### [TRY IT]
Copy the closing run of lines, from the one with "Coles Catalogues from 1 June" through the last line of the listing, exactly and without any pictures.

### [SUPPLIED DATA]
_ _ _ _ _

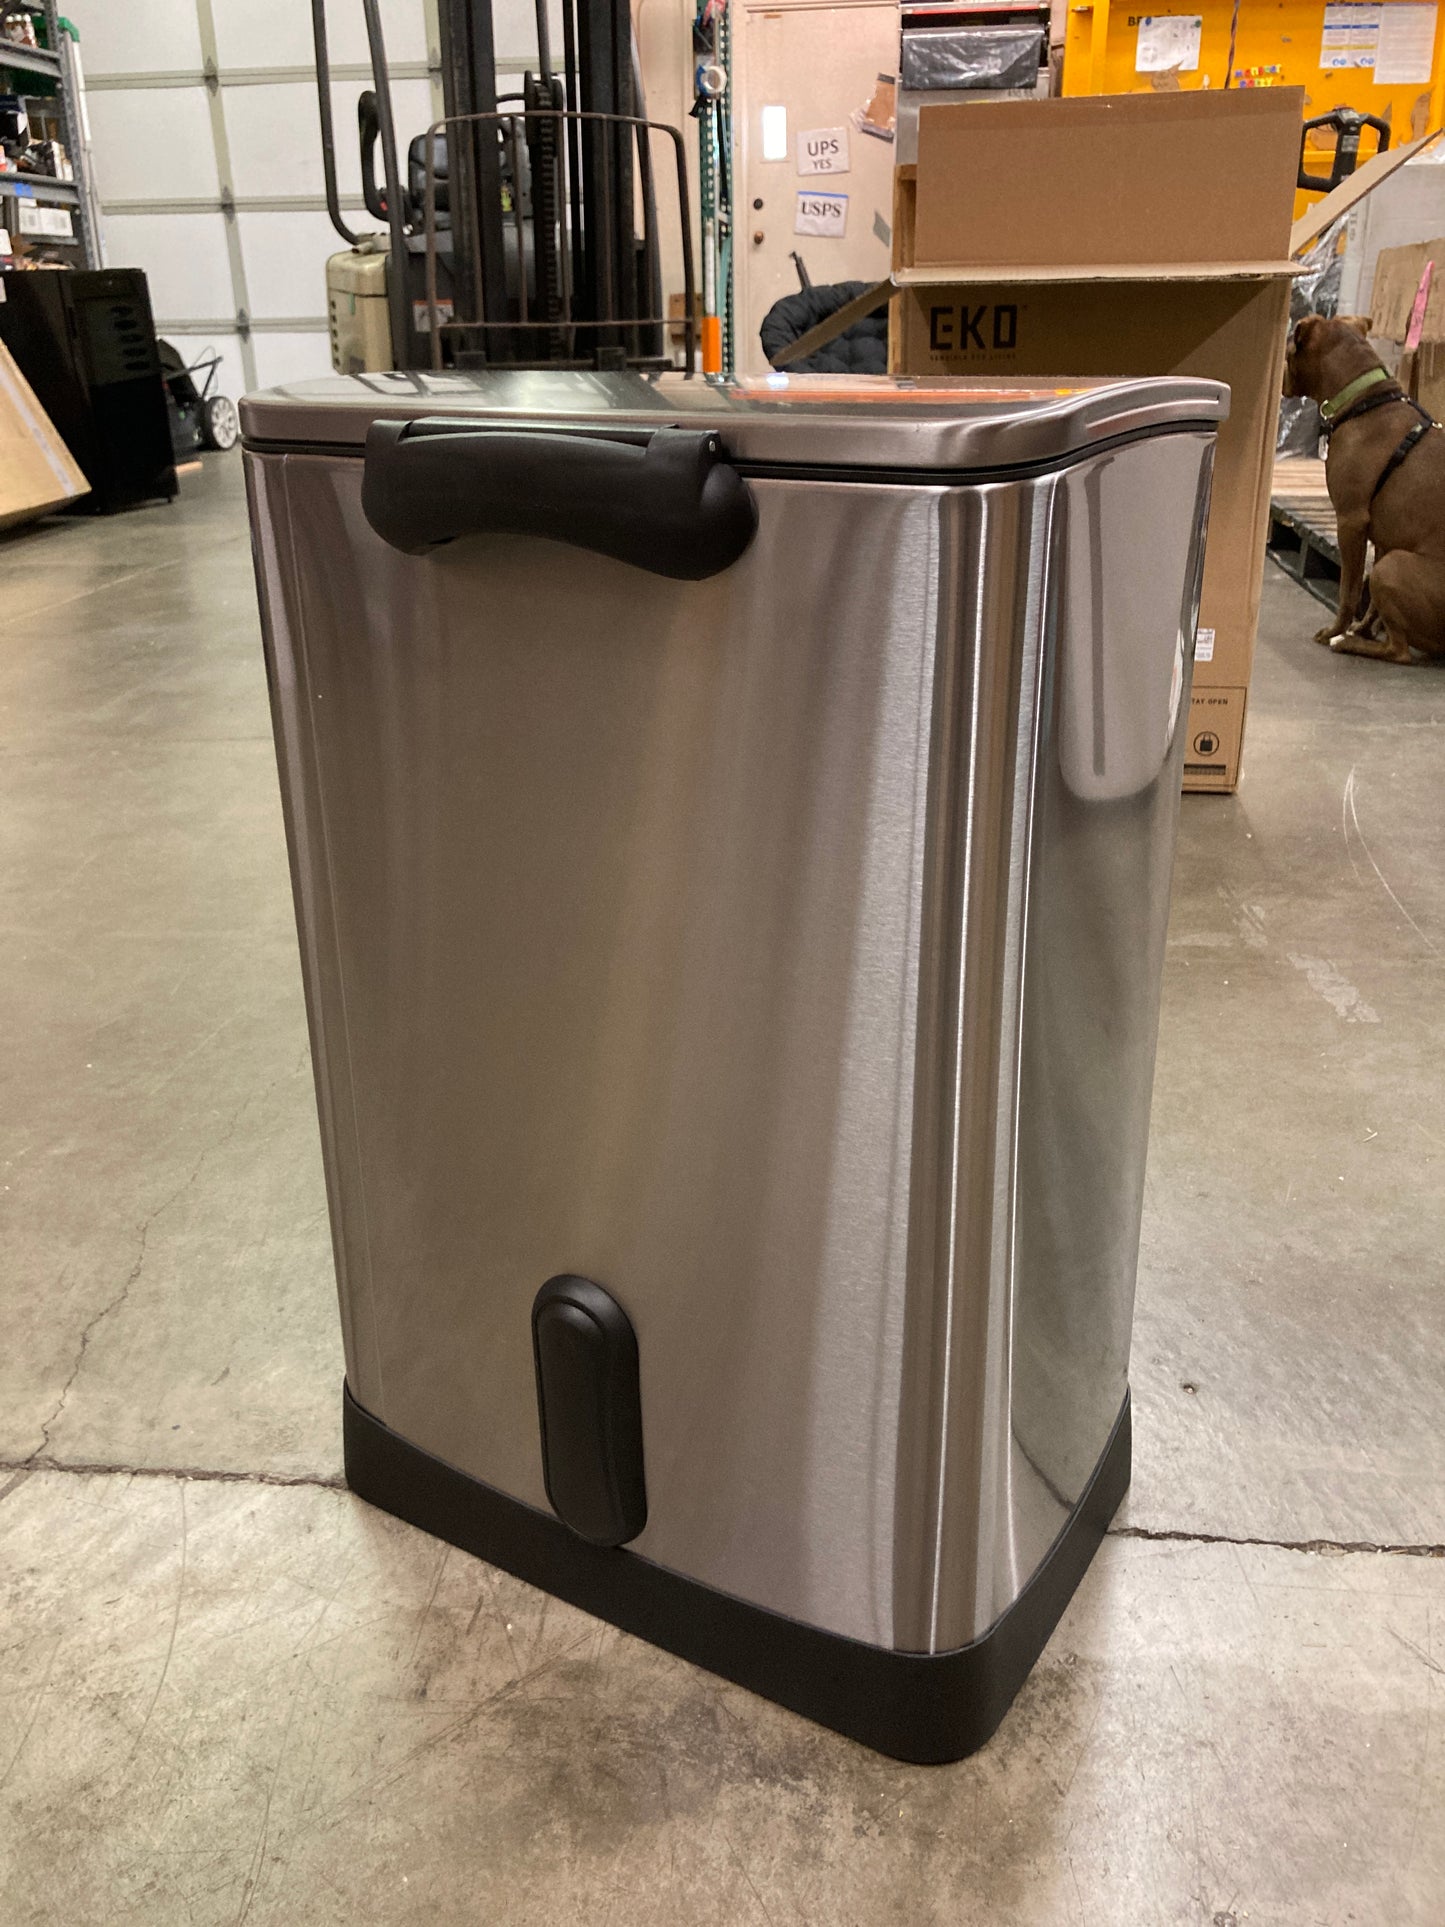 Costco - Neocube 50 Liter Dual Compartment 28 Liter and 18 Liter Stainless Steel Recycle and Trash Bin - Retail $99
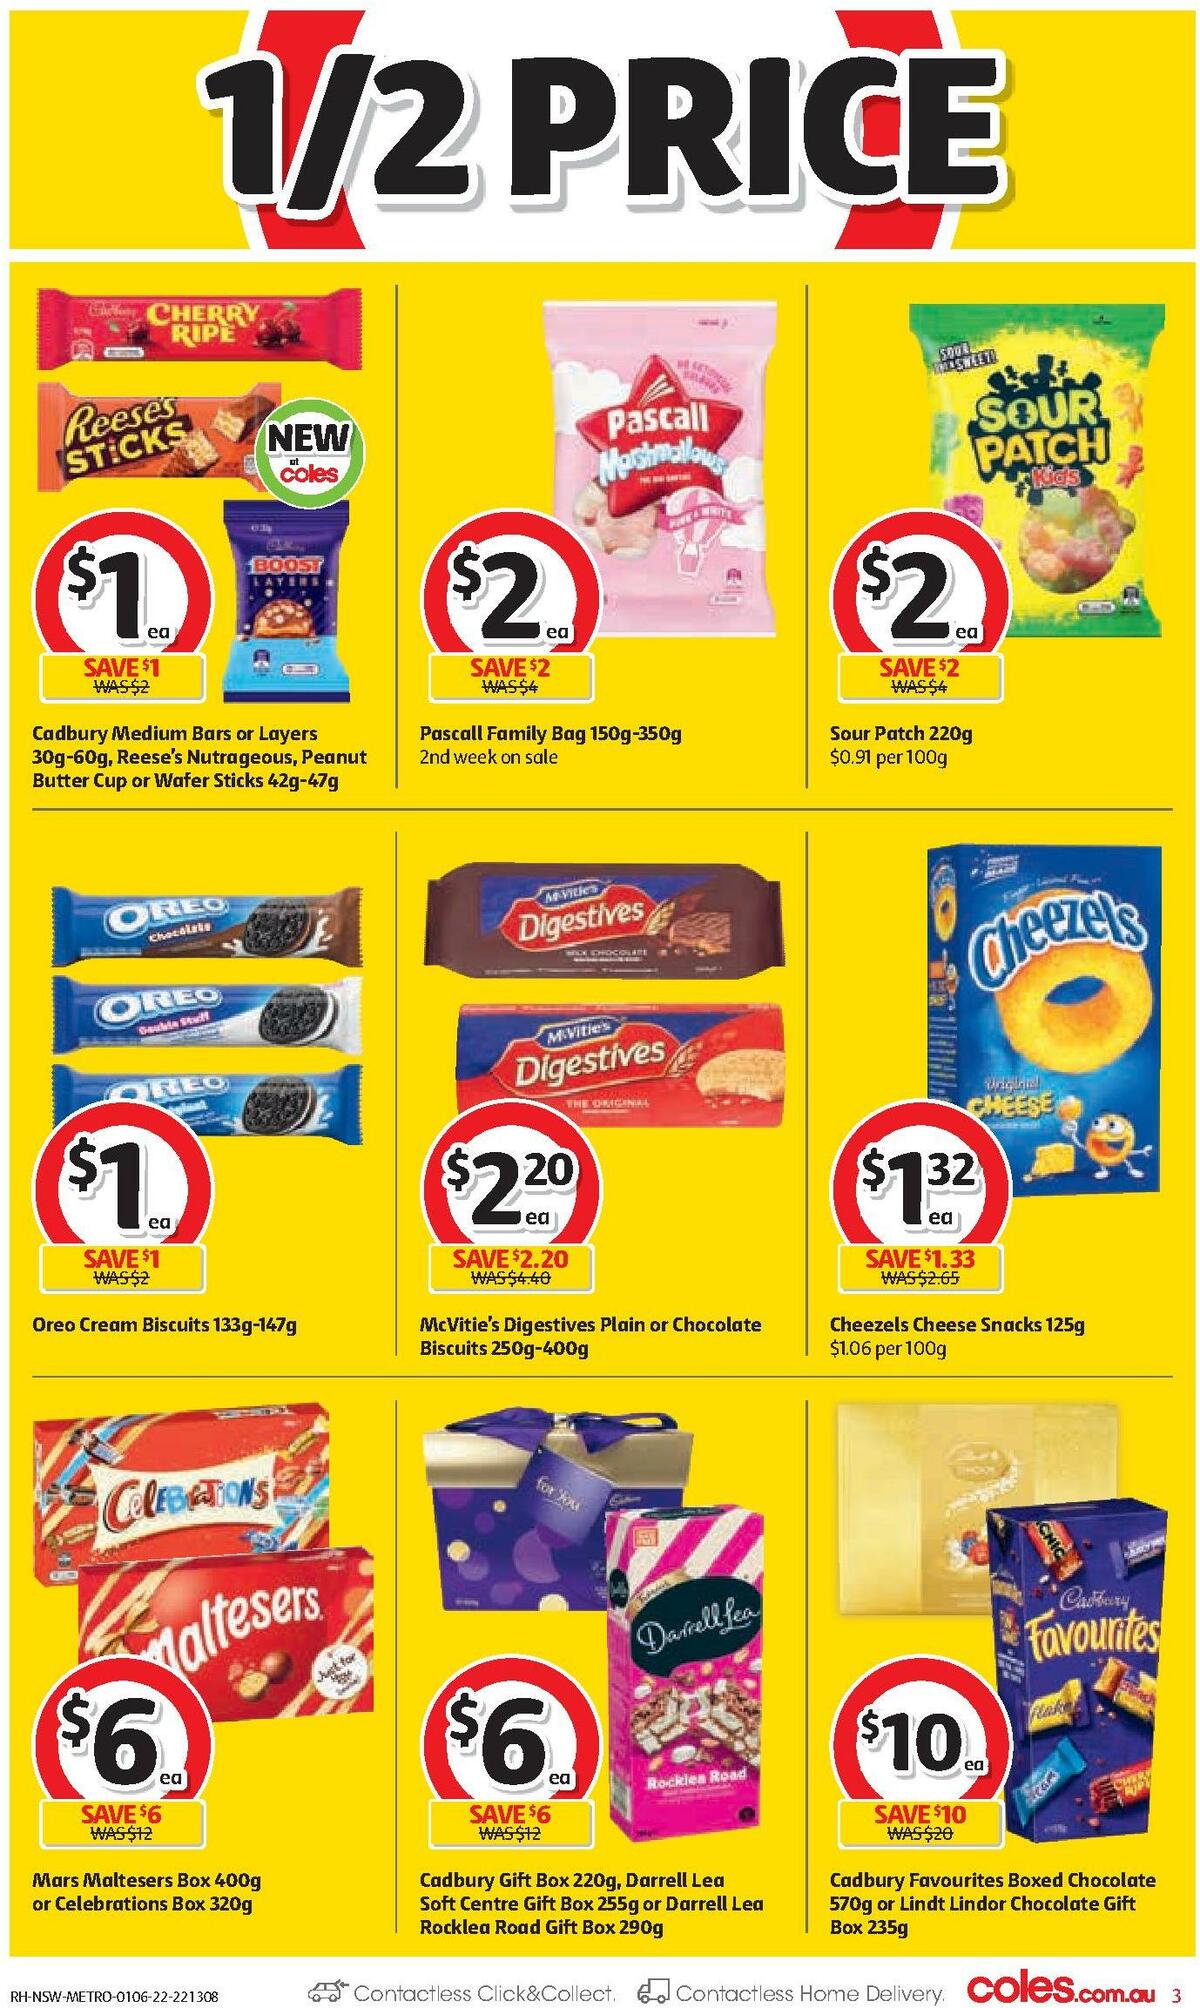 Coles Catalogues from 1 June
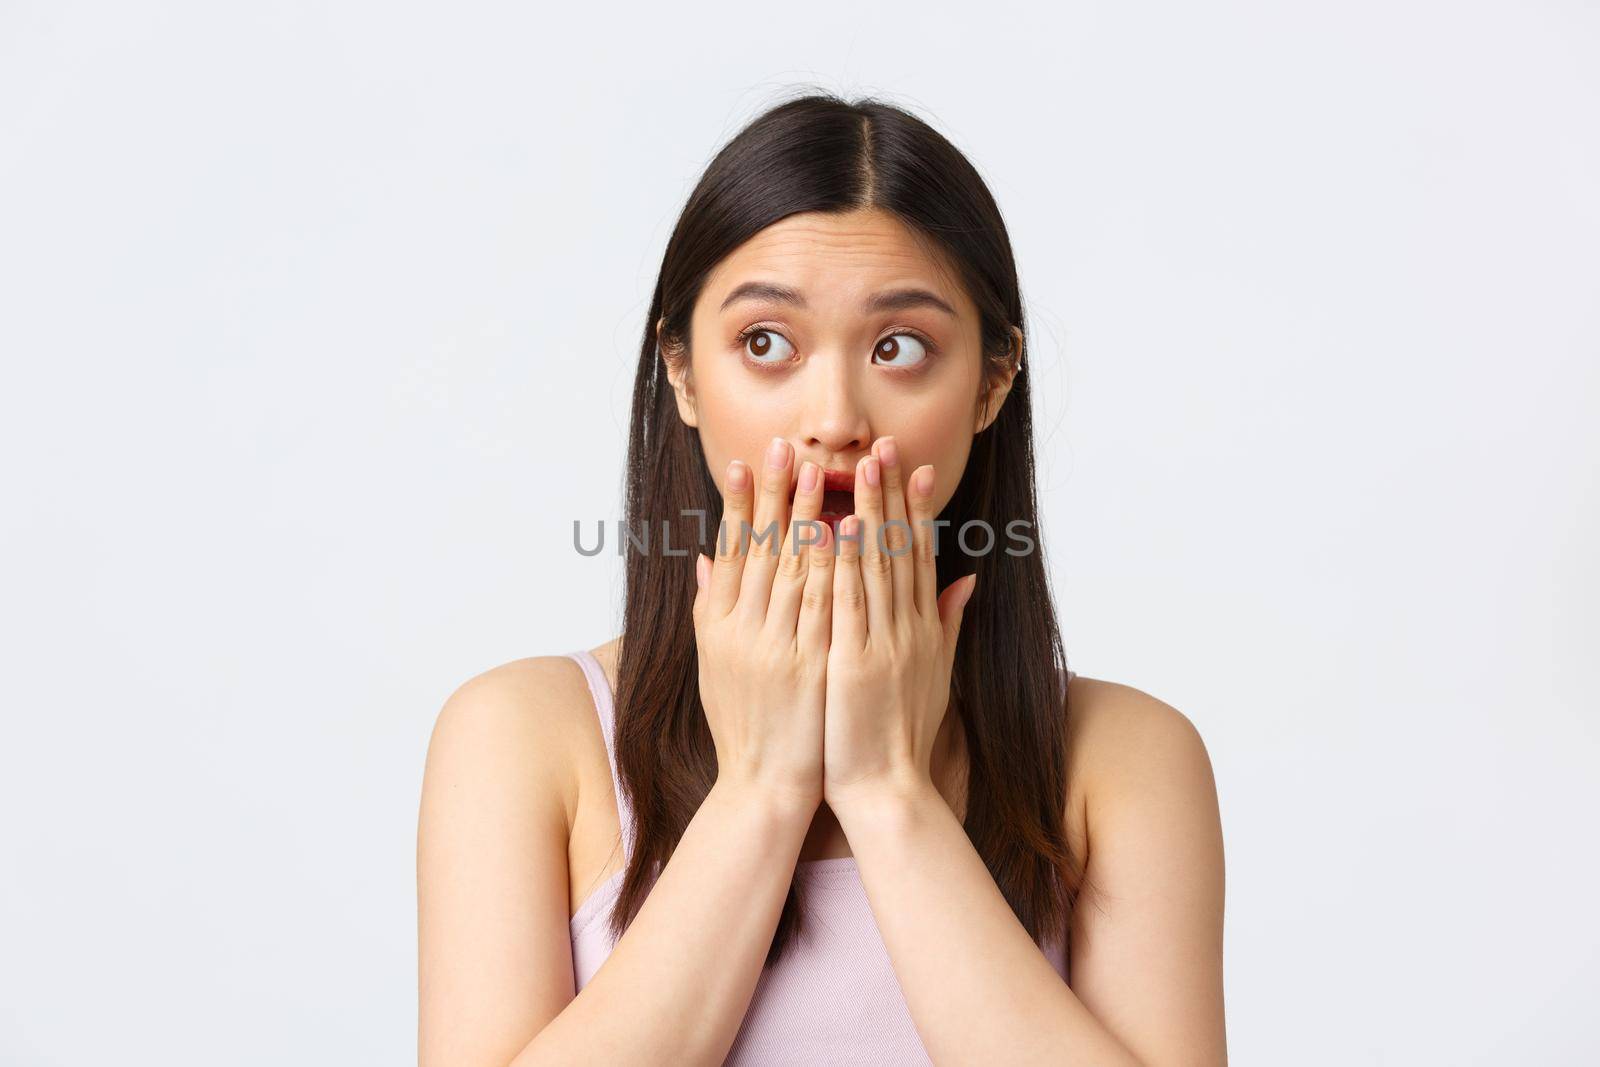 Beauty, fashion and people emotions concept. Shocked startled asian girl gasping, open mouth and cover it with palms, looking left astonished, standing concerned over white background.

_ _ _ _ _

### [WRITTEN RESPONSE]
 Coles Catalogues from 1 June
 Beauty, fashion and people emotions concept. Shocked startled asian girl gasping, open mouth and cover it with palms, looking left astonished, standing concerned over white background.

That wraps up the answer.